--- WHAT THE TASK REQUIRES ---
Beginning with the line that has "Candidate, Department of", reproduce each remaining line of the data exactly, down to and including the last.

Items from a data source
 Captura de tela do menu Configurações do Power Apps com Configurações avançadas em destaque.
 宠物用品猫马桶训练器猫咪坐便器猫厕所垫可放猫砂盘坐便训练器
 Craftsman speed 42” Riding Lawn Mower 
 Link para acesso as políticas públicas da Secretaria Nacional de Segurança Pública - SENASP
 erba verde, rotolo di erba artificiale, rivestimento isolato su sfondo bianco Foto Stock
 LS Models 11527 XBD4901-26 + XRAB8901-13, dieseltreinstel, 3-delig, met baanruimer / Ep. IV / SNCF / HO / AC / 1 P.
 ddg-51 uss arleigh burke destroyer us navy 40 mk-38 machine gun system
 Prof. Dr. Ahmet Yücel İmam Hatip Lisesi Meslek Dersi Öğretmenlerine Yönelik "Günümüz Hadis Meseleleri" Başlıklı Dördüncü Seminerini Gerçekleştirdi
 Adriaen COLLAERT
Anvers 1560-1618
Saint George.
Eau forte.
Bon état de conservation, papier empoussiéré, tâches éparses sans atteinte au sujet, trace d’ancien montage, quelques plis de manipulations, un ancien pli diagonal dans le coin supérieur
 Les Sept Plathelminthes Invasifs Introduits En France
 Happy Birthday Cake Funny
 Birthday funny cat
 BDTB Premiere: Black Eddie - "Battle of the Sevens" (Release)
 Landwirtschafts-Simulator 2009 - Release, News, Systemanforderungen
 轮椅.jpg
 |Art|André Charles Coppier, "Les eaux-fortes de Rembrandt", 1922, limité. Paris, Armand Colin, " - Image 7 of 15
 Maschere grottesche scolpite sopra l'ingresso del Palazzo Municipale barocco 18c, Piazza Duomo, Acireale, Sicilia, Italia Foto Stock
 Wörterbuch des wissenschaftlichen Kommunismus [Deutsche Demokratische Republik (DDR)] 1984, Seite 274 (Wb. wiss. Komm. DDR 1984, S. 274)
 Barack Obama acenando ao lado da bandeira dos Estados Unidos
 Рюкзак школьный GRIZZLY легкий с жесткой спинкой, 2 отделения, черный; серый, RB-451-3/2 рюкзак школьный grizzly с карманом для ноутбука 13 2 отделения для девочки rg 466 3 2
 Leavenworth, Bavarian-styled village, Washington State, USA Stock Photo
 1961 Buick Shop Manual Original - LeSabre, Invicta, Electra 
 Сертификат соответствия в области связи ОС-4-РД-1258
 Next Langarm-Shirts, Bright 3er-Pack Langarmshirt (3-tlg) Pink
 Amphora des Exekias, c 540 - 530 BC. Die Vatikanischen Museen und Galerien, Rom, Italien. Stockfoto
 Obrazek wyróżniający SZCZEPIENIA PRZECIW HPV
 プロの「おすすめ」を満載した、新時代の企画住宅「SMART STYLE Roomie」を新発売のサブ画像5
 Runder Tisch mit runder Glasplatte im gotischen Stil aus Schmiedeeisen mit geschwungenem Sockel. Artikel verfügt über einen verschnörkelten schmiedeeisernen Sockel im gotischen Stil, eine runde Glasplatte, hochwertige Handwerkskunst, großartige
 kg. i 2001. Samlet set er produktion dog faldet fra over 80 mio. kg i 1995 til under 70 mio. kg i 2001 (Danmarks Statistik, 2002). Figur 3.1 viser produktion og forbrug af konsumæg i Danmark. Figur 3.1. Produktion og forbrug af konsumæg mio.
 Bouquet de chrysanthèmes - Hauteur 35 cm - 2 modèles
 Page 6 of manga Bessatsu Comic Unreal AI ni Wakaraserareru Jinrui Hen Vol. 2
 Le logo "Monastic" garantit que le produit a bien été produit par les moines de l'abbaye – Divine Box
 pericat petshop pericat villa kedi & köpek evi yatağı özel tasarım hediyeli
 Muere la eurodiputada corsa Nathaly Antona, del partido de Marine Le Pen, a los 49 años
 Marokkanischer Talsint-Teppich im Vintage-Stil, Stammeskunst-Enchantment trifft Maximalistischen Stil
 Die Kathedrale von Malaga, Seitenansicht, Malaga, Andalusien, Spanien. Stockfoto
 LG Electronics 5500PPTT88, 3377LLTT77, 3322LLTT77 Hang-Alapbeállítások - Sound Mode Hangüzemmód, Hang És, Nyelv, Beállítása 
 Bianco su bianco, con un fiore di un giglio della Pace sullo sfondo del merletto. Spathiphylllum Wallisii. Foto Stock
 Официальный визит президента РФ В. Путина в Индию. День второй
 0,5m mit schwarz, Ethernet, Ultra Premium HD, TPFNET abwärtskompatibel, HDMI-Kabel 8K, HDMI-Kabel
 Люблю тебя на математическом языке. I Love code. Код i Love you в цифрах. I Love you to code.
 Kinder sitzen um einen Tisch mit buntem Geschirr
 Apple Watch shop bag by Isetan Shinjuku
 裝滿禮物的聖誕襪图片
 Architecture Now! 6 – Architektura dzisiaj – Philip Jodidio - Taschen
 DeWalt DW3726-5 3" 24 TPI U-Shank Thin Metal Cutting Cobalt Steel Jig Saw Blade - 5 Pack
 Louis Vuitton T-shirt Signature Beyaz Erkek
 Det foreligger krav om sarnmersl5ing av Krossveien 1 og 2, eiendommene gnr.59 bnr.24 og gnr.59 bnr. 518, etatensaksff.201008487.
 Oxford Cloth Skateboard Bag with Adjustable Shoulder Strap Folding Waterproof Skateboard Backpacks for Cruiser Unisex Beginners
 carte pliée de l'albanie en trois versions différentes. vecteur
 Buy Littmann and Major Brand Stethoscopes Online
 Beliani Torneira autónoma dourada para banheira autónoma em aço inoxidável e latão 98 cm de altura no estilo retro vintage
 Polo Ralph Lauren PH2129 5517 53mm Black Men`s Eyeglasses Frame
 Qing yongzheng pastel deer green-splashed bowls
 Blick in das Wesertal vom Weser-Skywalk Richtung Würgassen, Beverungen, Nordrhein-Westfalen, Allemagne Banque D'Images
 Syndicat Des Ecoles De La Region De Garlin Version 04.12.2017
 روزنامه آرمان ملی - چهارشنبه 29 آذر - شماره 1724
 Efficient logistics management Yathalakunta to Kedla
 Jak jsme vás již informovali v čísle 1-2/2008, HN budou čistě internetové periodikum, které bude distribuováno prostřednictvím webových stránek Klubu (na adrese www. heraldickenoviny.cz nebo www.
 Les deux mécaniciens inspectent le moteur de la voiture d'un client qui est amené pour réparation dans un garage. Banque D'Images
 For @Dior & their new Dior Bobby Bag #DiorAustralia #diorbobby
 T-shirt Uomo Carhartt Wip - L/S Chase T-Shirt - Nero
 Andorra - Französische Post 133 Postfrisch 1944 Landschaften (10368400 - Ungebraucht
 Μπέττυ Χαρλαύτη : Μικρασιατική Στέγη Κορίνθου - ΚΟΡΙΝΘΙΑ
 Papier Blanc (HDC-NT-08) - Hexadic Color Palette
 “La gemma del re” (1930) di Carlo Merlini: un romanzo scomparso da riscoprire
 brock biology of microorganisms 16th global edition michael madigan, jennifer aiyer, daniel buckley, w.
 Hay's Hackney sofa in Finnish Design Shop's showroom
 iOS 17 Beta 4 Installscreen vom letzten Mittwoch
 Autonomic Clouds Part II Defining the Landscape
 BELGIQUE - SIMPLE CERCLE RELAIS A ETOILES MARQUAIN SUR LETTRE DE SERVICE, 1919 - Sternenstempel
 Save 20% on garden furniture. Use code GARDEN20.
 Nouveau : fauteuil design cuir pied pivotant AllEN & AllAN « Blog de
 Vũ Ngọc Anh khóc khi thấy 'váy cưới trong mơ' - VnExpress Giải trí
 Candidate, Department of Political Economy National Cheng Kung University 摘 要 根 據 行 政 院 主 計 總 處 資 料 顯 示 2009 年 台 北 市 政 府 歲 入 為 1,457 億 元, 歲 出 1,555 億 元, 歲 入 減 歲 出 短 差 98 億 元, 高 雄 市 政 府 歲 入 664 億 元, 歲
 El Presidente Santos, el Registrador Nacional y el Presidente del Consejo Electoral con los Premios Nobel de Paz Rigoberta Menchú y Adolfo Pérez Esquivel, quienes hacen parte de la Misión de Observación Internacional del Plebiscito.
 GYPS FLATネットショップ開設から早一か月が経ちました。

--- REPLY ---
 Candidate, Department of Political Economy National Cheng Kung University 摘 要 根 據 行 政 院 主 計 總 處 資 料 顯 示 2009 年 台 北 市 政 府 歲 入 為 1,457 億 元, 歲 出 1,555 億 元, 歲 入 減 歲 出 短 差 98 億 元, 高 雄 市 政 府 歲 入 664 億 元, 歲
 El Presidente Santos, el Registrador Nacional y el Presidente del Consejo Electoral con los Premios Nobel de Paz Rigoberta Menchú y Adolfo Pérez Esquivel, quienes hacen parte de la Misión de Observación Internacional del Plebiscito.
 GYPS FLATネットショップ開設から早一か月が経ちました。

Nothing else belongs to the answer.